▶ [Dataset items]:
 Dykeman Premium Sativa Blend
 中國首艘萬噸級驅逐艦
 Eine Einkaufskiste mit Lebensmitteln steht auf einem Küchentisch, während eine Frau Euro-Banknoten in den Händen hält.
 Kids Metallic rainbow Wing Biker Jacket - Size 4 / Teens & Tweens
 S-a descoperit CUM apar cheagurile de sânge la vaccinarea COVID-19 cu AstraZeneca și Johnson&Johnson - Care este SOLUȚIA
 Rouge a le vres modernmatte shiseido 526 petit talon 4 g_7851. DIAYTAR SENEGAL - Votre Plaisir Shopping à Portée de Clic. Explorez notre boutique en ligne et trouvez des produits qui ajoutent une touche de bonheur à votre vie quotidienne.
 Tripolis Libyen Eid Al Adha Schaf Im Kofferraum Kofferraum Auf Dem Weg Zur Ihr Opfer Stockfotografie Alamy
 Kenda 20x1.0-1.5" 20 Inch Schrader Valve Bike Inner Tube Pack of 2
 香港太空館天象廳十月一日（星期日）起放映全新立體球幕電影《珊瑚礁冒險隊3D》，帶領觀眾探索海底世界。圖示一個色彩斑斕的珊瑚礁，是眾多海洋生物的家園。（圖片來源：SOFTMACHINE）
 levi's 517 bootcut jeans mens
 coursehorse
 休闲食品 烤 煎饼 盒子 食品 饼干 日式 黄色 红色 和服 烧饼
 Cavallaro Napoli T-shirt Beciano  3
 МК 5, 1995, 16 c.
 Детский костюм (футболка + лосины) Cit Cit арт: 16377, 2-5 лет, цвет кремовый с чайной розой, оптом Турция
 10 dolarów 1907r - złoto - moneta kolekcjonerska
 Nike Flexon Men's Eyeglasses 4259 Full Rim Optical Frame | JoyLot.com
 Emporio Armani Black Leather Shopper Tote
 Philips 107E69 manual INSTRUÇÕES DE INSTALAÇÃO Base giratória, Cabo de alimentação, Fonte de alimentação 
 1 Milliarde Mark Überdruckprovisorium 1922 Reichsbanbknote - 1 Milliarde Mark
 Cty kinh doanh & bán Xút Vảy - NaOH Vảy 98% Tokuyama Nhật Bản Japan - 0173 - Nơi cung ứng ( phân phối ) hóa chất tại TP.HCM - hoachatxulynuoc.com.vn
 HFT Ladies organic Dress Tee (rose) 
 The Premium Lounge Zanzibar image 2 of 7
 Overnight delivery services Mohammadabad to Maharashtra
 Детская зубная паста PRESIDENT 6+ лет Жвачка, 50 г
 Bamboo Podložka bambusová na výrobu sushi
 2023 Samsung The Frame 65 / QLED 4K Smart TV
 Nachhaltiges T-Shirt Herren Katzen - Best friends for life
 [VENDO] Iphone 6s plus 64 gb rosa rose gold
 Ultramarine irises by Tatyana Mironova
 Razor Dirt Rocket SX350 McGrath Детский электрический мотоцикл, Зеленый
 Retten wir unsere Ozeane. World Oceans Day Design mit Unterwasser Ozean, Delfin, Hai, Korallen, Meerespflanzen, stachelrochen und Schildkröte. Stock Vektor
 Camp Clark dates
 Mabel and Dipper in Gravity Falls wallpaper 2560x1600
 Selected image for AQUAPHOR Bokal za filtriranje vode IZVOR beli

▶ [WORK ORDER]: For this exercise, repeat exactly the lines of the data above from the one with "Overnight delivery services" down to the one with "Ultramarine irises by Tatyana Mironova", both end lines included.

▶ [EXPECTED ANSWER]:
 Overnight delivery services Mohammadabad to Maharashtra
 Детская зубная паста PRESIDENT 6+ лет Жвачка, 50 г
 Bamboo Podložka bambusová na výrobu sushi
 2023 Samsung The Frame 65 / QLED 4K Smart TV
 Nachhaltiges T-Shirt Herren Katzen - Best friends for life
 [VENDO] Iphone 6s plus 64 gb rosa rose gold
 Ultramarine irises by Tatyana Mironova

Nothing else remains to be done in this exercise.